In 1996, Yad Vashem recognized Hildegarda and Józef Gawlik as Righteous Among the Nations.
While most the Jews from the Będzin ghetto were exterminated upon arrival at Auschwitz-Birkenau, Hersz, his wife Frajdla and daughter Sura all avoided this fate.
Kopera found out where Hersz ended up by looking in the Arolsen archive, which contains records of victims of the Holocaust.
“Among the 20 million records, we came across information that he was sent to one of the Dachau sub-camps,” he said.
Another search, this time in the archives of Yad Vashem, showed that he died of typhus in 1945 just days before the end of the war. His elder daughter Sura remained a prisoner in Auschwitz-Birkenau until the end of the war according to her sister Rywka.
Frajdla meanwhile was rescued from Ravensbrück by the famous White Buses of Count Folke Bernadotte.

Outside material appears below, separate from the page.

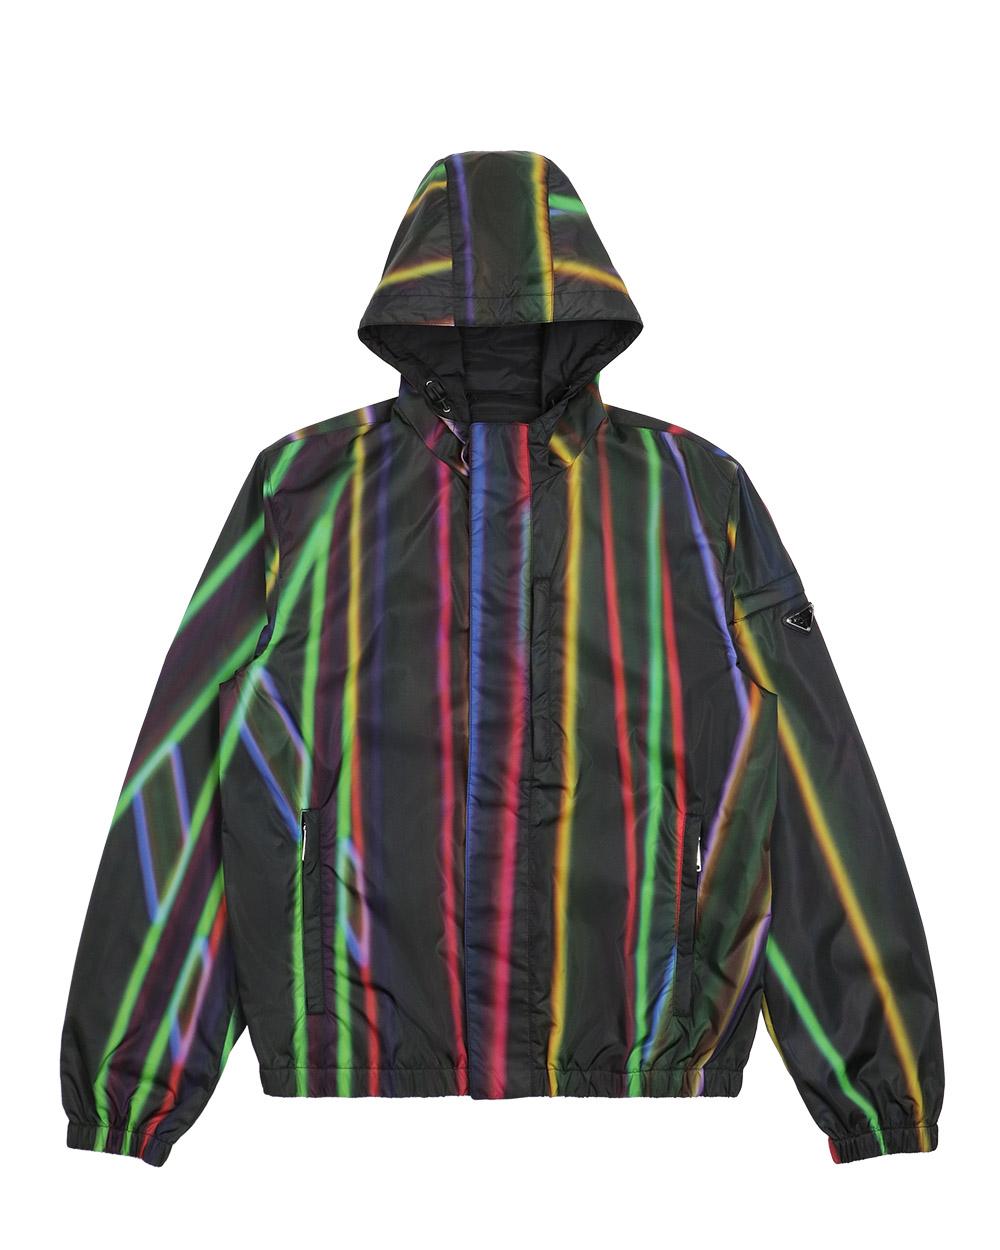 Black & Multicolor Hooded Zip Jacket SGN5221P61
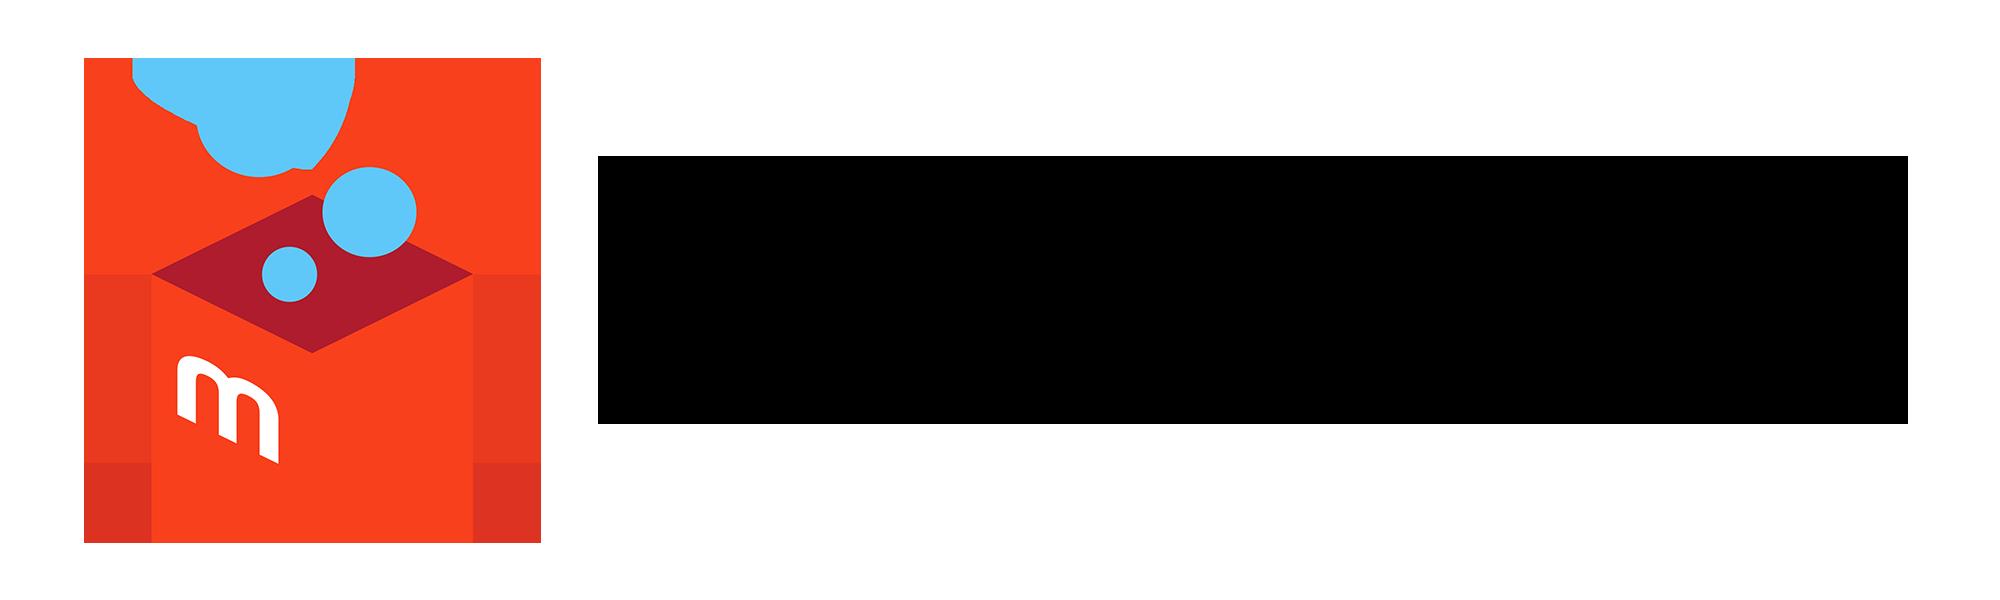 mercari-icon3_orig.png

The White Buses was an operation undertaken by the Swedish Red Cross in the spring of 1945 to rescue concentration camp inmates in areas under German control and transport them to Sweden, a neutral country.
Folke Bernadotte, Count of Wisborg, a Swedish nobleman and diplomat who was then vice-president of the Swedish Red Cross, negotiated the release of about 31,000 prisoners from German concentration camps.
Bernadotte was assassinated by Jewish militants from the Stern Gang as they believed he posed a threat to the emergence of the State of Israel due to his UN peace role.
He has not been acclaimed as Righteous Among the Nations as the awarding council in Israel claim that by negotiating with the Germans he did not fulfil one of the criteria for the title, which is that someone so honoured should have risked their own life to save Jews.
At the end of the war, Frajdla travelled back to Będzin and found her two daughters. They lived together until 1968, when Frajdla and Sura left Poland to live in Sweden.
Rywka remained and still lives in Gdańsk. Alongside former Polish foreign minister Adam Rotfeld, she is the only known living person in Poland from the Ładoś list.
Historian Kopera told TFN: “Many Jewish families received help from others during the war, but to receive help from four separate groups at different times is incredible.”